— Problem description —
The listing is to be repeated exactly, and its pictures are to be left out.

— Source material —
★ ★ ★ ★
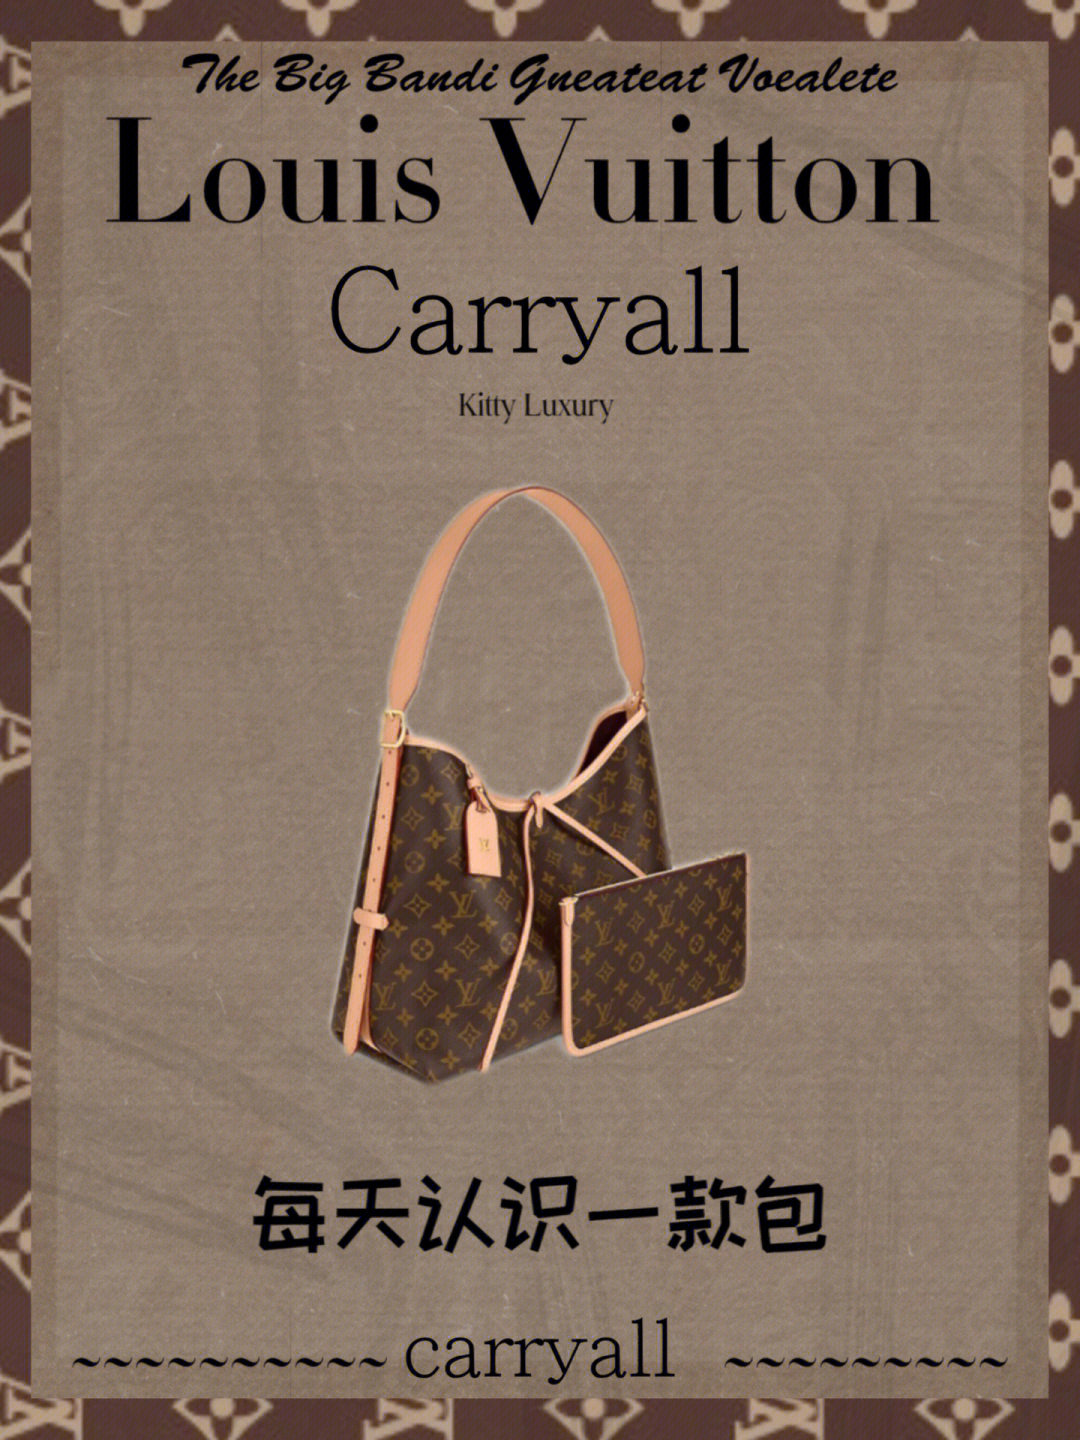 lv于2022年7月推出carryall,在外形上carryall手袋采用了lv家族式
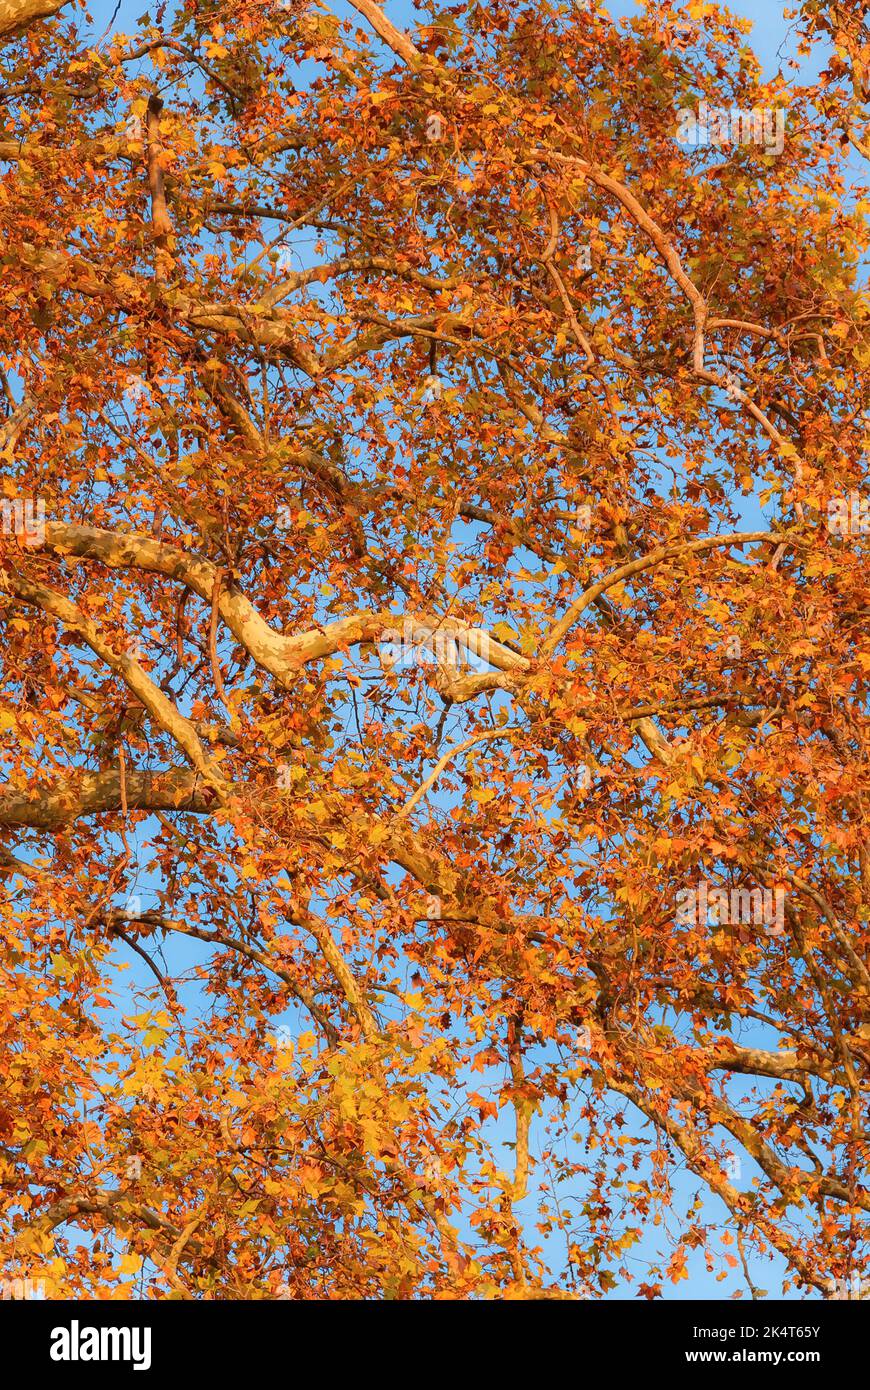 Herbstlicher und belaubter Hintergrund. Der Herbst kommt, die Platanenblätter werden von grün zu gelb und braun Stockfoto
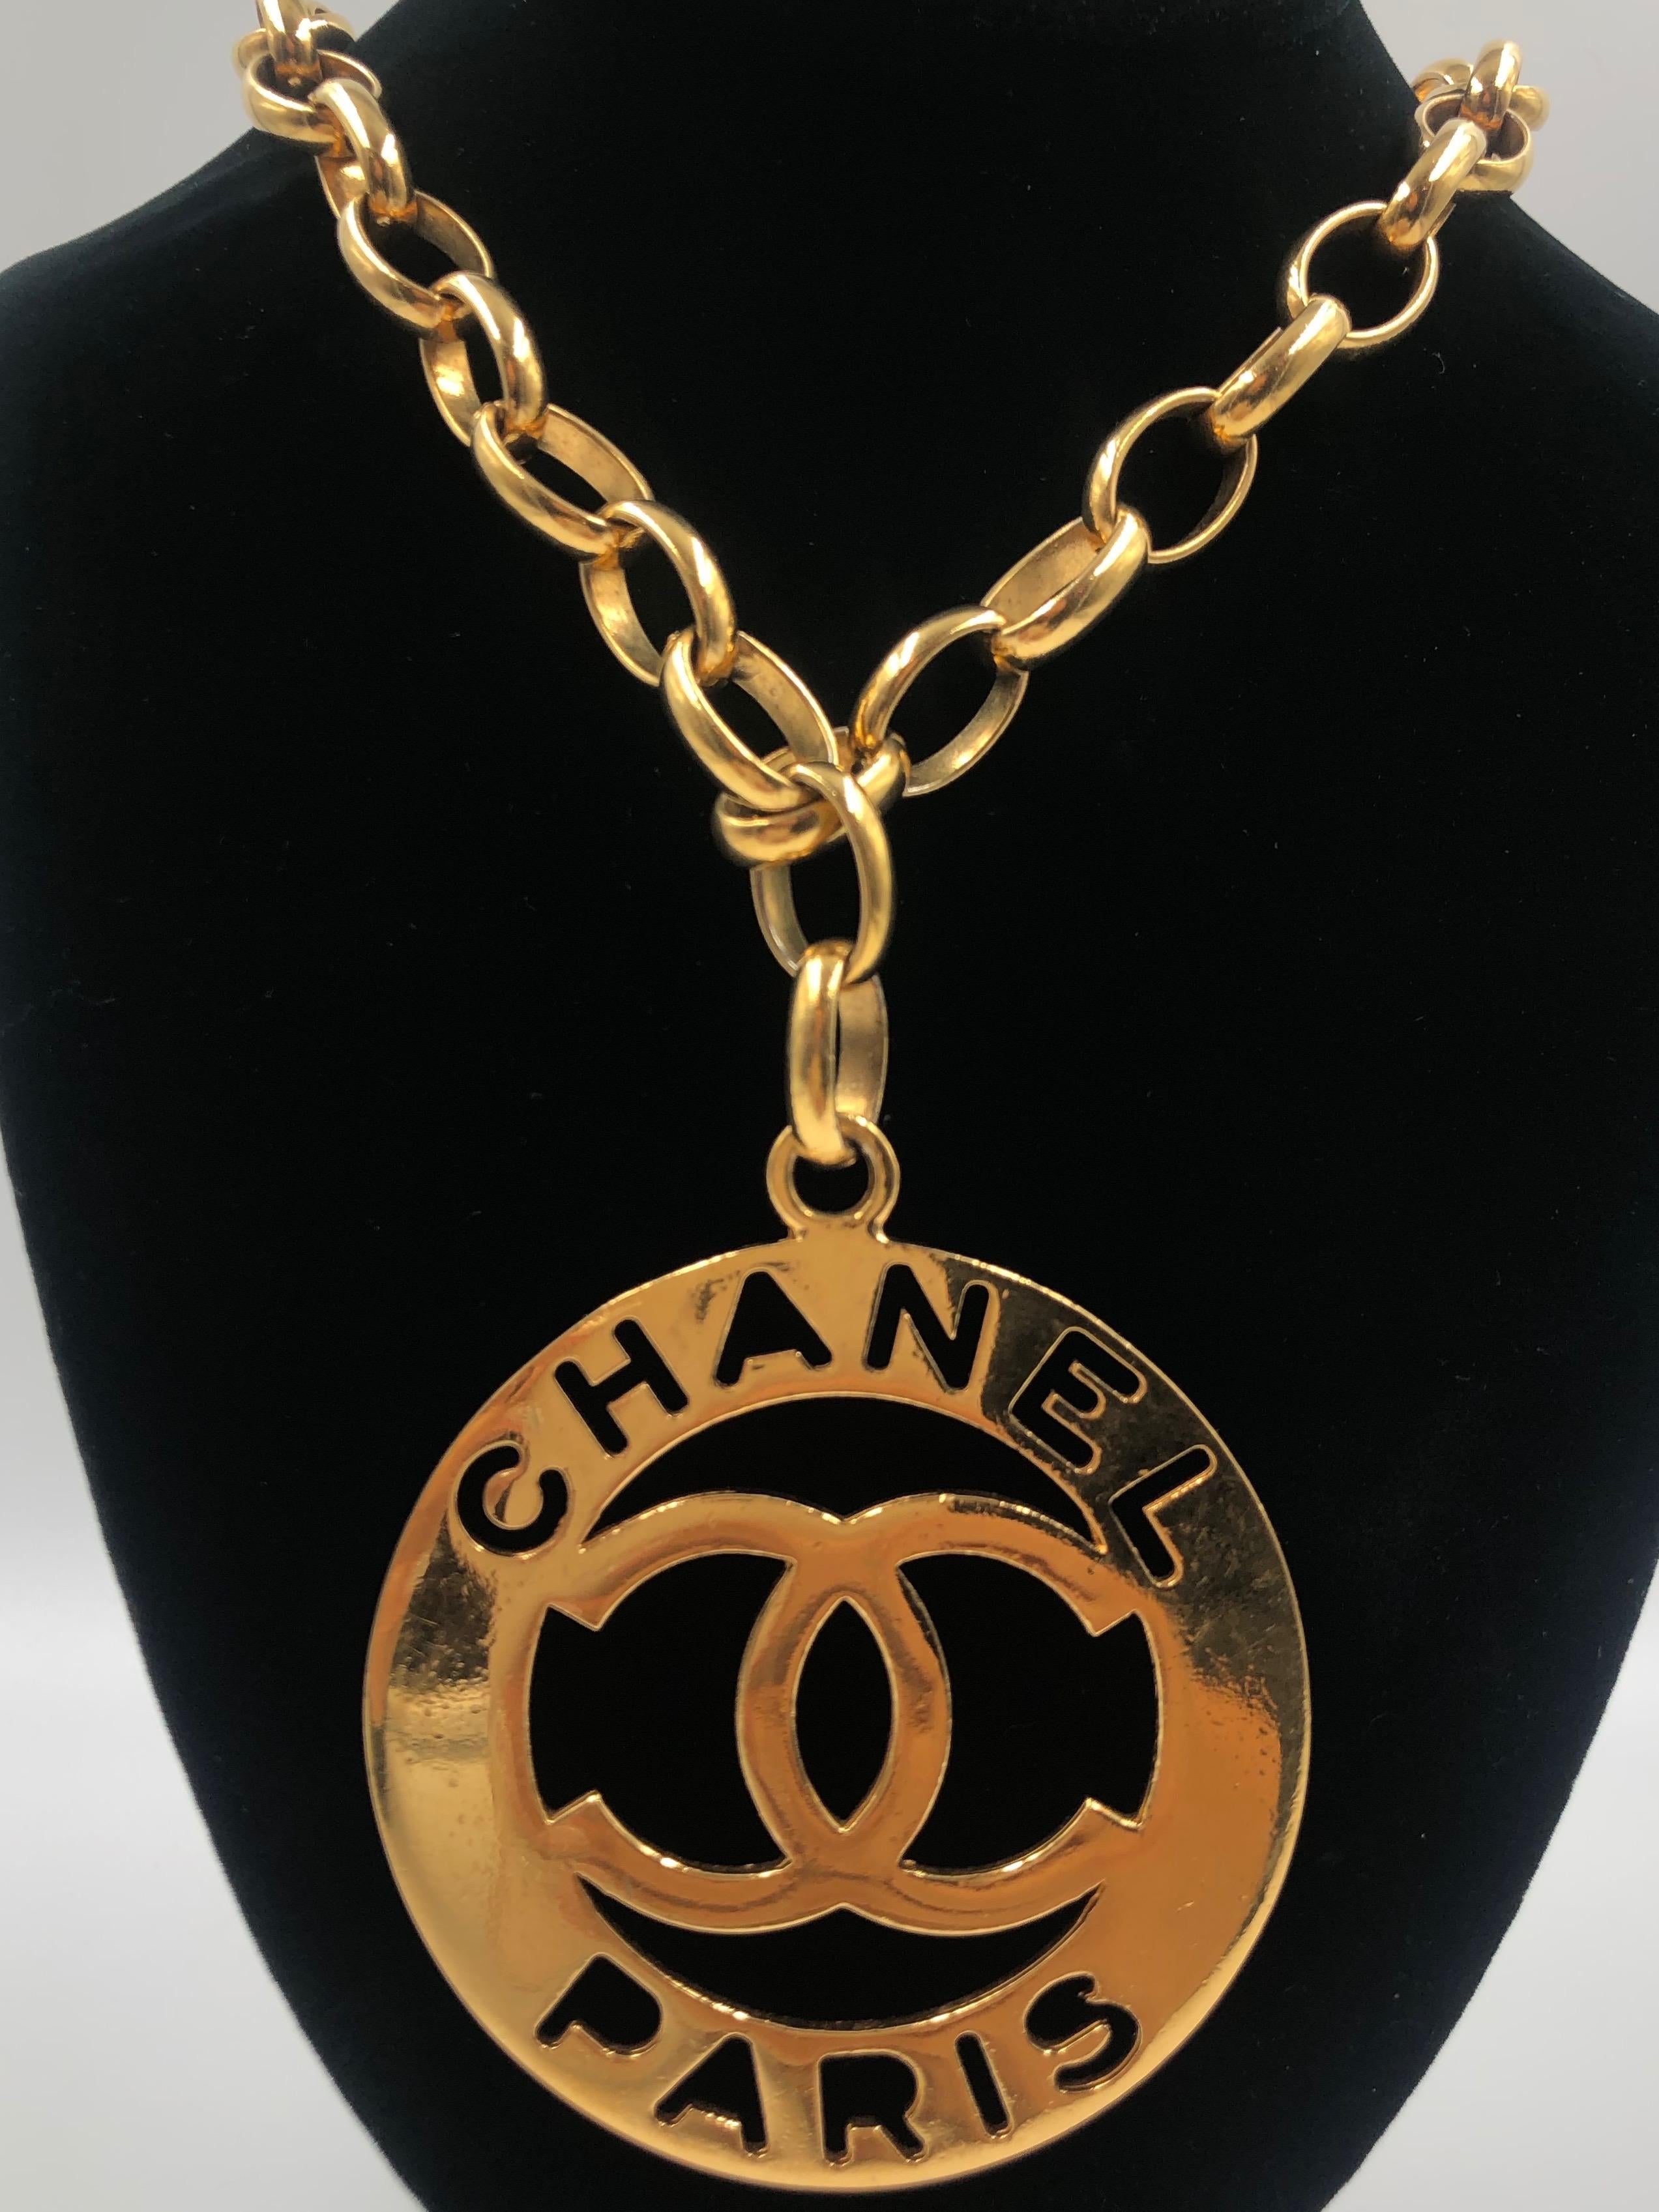 Chanel CC Medaillon Gold-Ton große Aussage Halskette 1980er Jahre. Früher in Besitz In gutem Vintage-Zustand. Chanel-Stempel befindet sich auf dem Hakenverschluss. (siehe Fotos als Referenz)
Perfekt für die Fashionista Rapper und ein tolles
★ ★ ★ ★
— Response box —
 lv于2022年7月推出carryall,在外形上carryall手袋采用了lv家族式
 Herbstlicher und belaubter Hintergrund. Der Herbst kommt, die Platanenblätter werden von grün zu gelb und braun Stockfoto
 Chanel CC Medaillon Gold-Ton große Aussage Halskette 1980er Jahre. Früher in Besitz In gutem Vintage-Zustand. Chanel-Stempel befindet sich auf dem Hakenverschluss. (siehe Fotos als Referenz)
Perfekt für die Fashionista Rapper und ein tolles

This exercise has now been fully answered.